2. Baseline Spectrogram

The raw spectrogram already shows glitches (bright vertical stripes), the 60 Hz line (bright horizontal stripe), and the time-varying noise floor.

[ ]:
fig, ax = plt.subplots(figsize=(12, 4))
spec.plot(ax=ax, norm="log")
ax.set_title("Raw spectrogram")
ax.colorbar(label="Power [strain²/Hz]")
plt.tight_layout()
plt.show()

3. Normalization

3a. SNR Spectrogram (method='snr')

The most common normalization for transient searches: divide each time slice by the median PSD along the time axis.
Result is a dimensionless SNR² map where the stationary background ≈ 1.
[ ]:
# ── SNR normalization ─────────────────────────────────────────────────────────
# Each time slice is divided by the median PSD along the time axis.
# Result: dimensionless SNR² (≈ 1 for stationary background).
spec_snr = spec.normalize(method="snr")

fig, axes = plt.subplots(1, 2, figsize=(14, 4))
spec.plot(ax=axes[0], norm="log")
axes[0].set_title("Raw spectrogram")
axes[0].colorbar(label="Power [strain²/Hz]")

spec_snr.plot(ax=axes[1], norm="log", vmin=0.1, vmax=100)
axes[1].set_title("SNR spectrogram  (normalize='snr')")
axes[1].colorbar(label="SNR² [dimensionless]")

plt.tight_layout()
plt.show()

3b.

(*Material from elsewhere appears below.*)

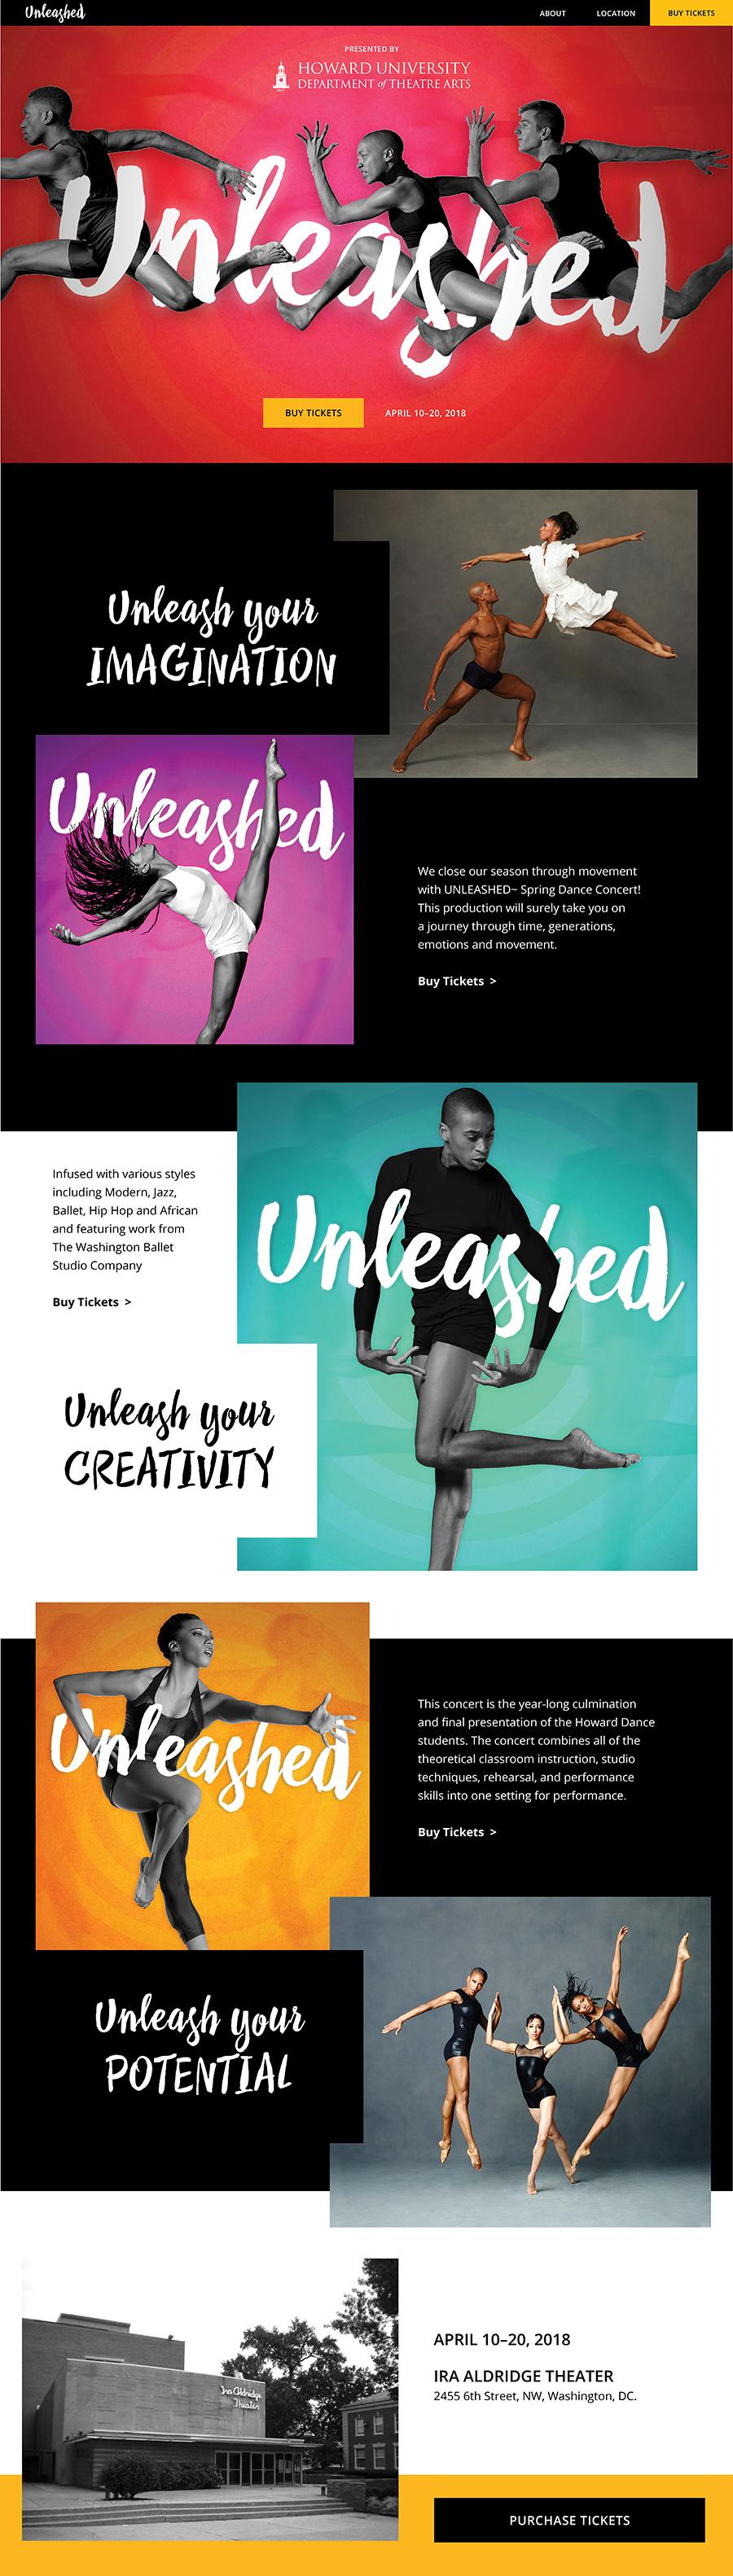 unleashed-dance-showcase-website

Other Normalization Methods

method=

Denominator

'median'

Median PSD per frequency bin (identical to 'snr')

'mean'

Mean PSD per frequency bin

'percentile'

Nth-percentile PSD (controlled by percentile=)

[ ]:
# ── Compare normalization methods ─────────────────────────────────────────────
methods = ["median", "mean", "percentile"]
fig, axes = plt.subplots(1, 3, figsize=(18, 4))
for ax, m in zip(axes, methods):
    kw = {"percentile": 75.0} if m == "percentile" else {}
    spec_n = spec.normalize(method=m, **kw)
    spec_n.plot(ax=ax, norm="log", vmin=0.1, vmax=100)
    label = f"percentile=75" if m == "percentile" else ""
    ax.set_title(f"method='{m}' {label}")
    ax.colorbar(label="SNR² []")
plt.suptitle("Normalization methods comparison", fontsize=13)
plt.tight_layout()
plt.show()

3c. Reference Normalization (method='reference')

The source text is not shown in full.